I this doesn’t sound like a money pump.
If I knew offer 2 is coming then I’m simply silly if I take the cheaper option, I’m plain throwing money away for no reason.
If I didn’t know then it seems I’m paying for options / lack of information not form making bad decissions.
Ah. I misunderstood. I missed that the uncertainty is on a different thing
Thank you for this overview! Unfortunately, I struggle to understand how your proposal differs from a variant of Updateless or Functional decision theory representing decisions as a preset function of observations, chosen so as to yield the best outcome. The trajectories on the possibilities tree still have to be sorted (e.g. by assigning some utility function to each trajectory or to precommitments that the agent makes and keeps or fails along with the outcomes of the branch).
Thanks for your comment!
My article is primarily a critique of the independence axiom, not a proposal for a specific alternative decision theory. So I can’t really answer “how does this differ from UDT/FDT” because there is no “this” in this sense, but, as far as I can understand your question, the connection you’re noticing is real and is actually part of the argument.
I argue explicitly (in section on Garrabrant’s comment) that updatelessness and the ergodicity economics critique converge on the same structural insight: both reject branch-by-branch post-update evaluation in favor of holistic policy-level or trajectory-level optimization. So the parallel to UDT/FDT is a feature, not a bug.
On your second point: yes, you still need to rank trajectories or policies.

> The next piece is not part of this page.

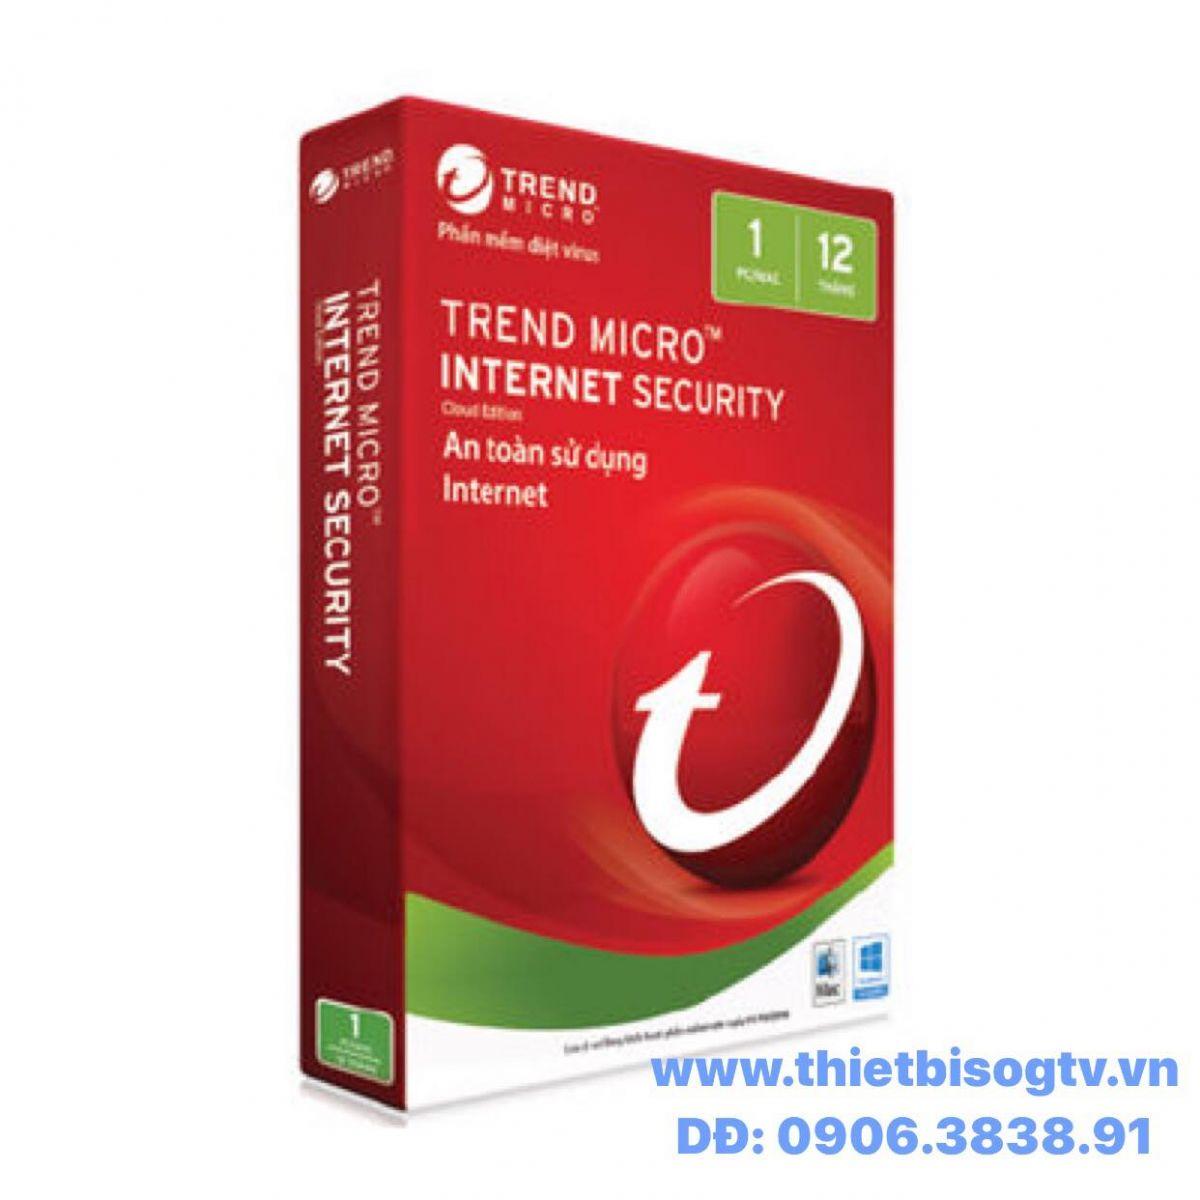 PHẦN MỀM DIỆT VIRUS TREND MICRO INTERNET SECURITY 2018 1PC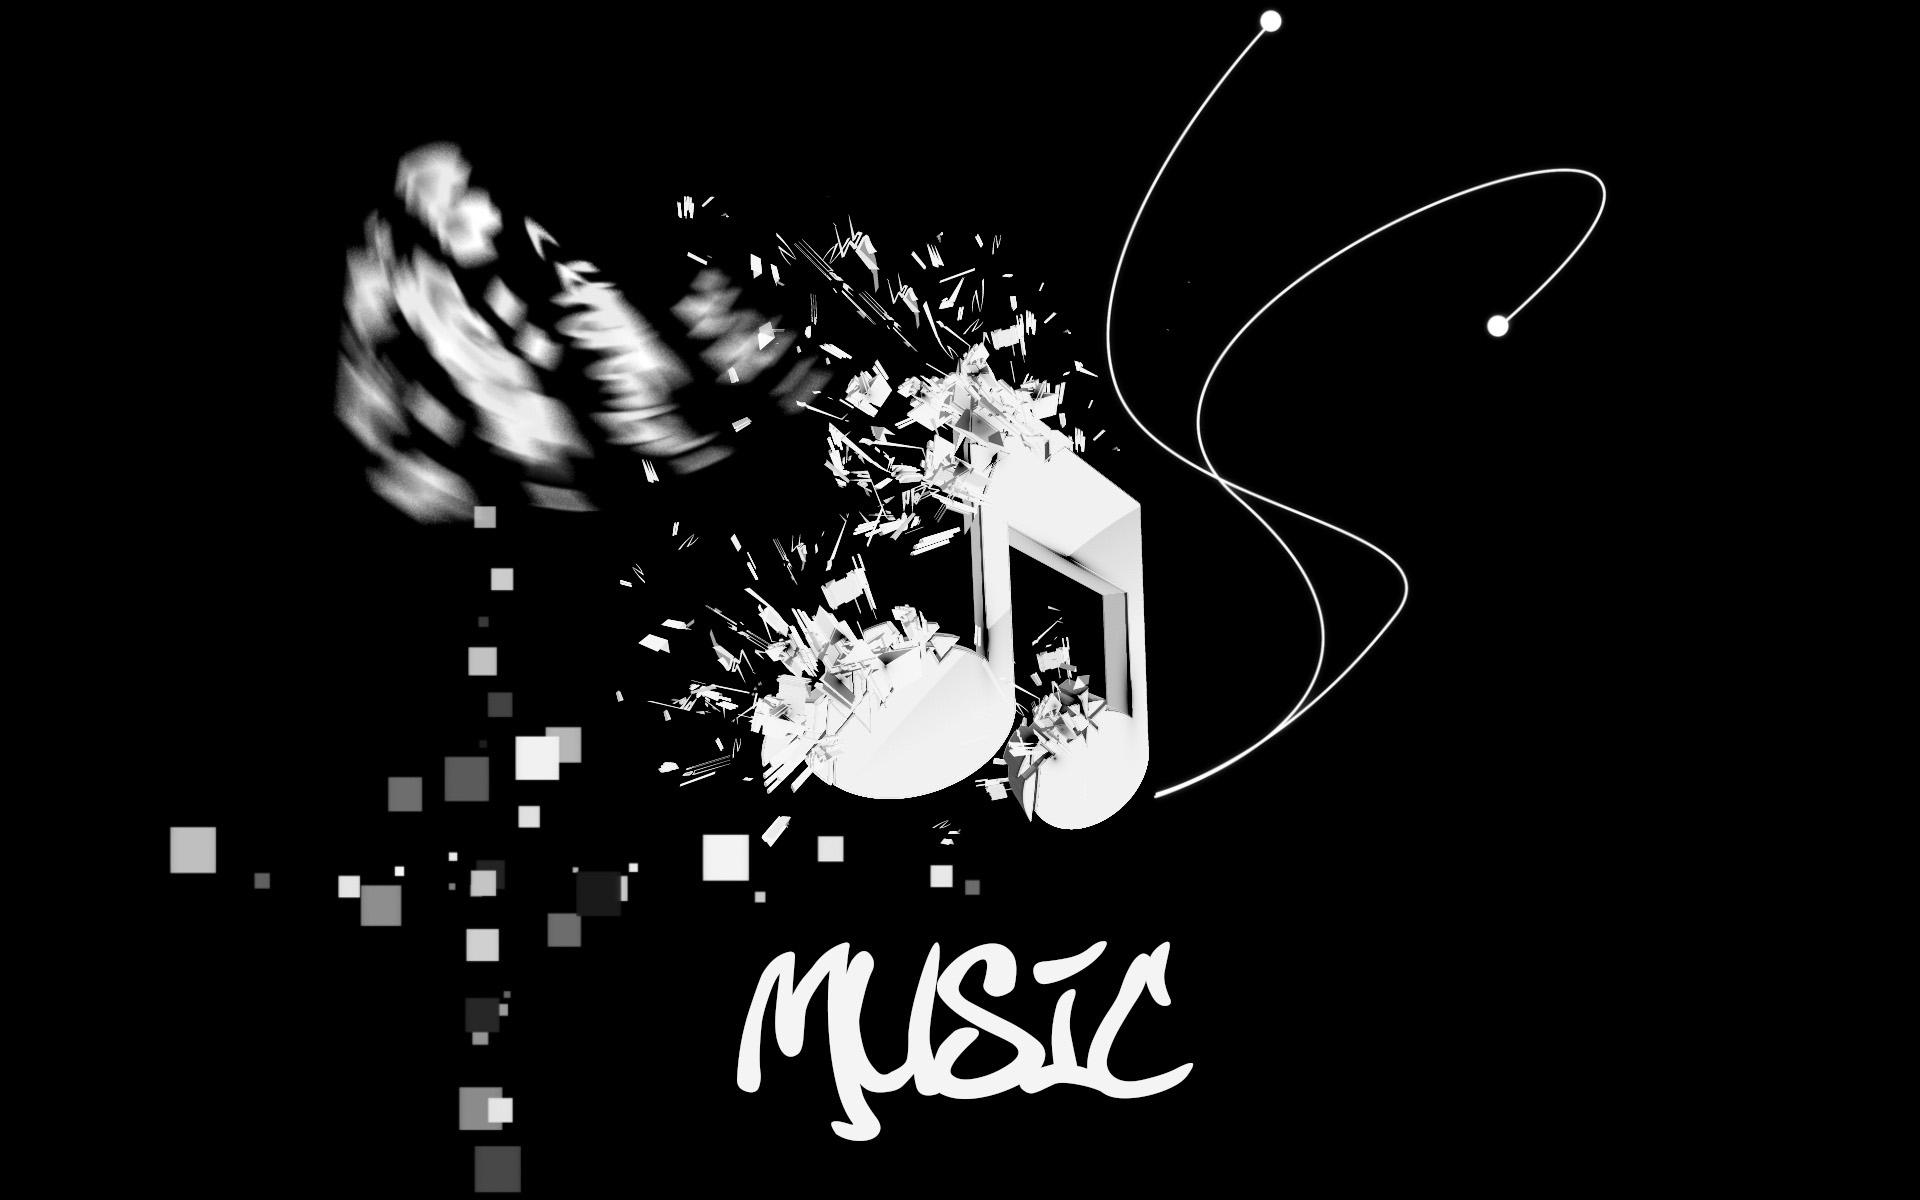 Anime Girls Headphones And Radio 1920x1080 Wallpaper Black Music Hd Wallpapers Pixelstalk Net

Dropping independence doesn’t mean dropping preferences. What it means is that this ranking need not decompose into the expected value of any function. You can have a complete, transitive preference ordering over trajectories that depends on global properties of the trajectory (like for example time-average growth rate) in ways that no branch-by-branch expected utility can capture. The ranking exists and is well-defined; it’s just not an EU ranking.
I emphasize here ergodicity economics because it provides an example of a principled, non-arbitrary way to construct this trajectory-level objective: derive it from the dynamics of the stochastic process via the ergodic mapping, rather than postulating a utility function and taking its expectation. UDT tells you to optimize over policies but doesn’t specify what to optimize. EE gives you a specific answer grounded in the mathematical structure of the process you’re embedded in.
As a lifelong “money pump” this has definitely given me something to think about.
In footnote 2, you write “So McClennen’s book is actually the key source that sets up the three-way taxonomy: naive, sophisticated, and resolute.” But nowhere else in this post do you refer to anything as “naive”, so this is a confusing choice of language.
Honestly that sentence sounds to me like something said by an LLM conducting a literature review which then wasn’t edited to make sure it still flows well in the final version of the post.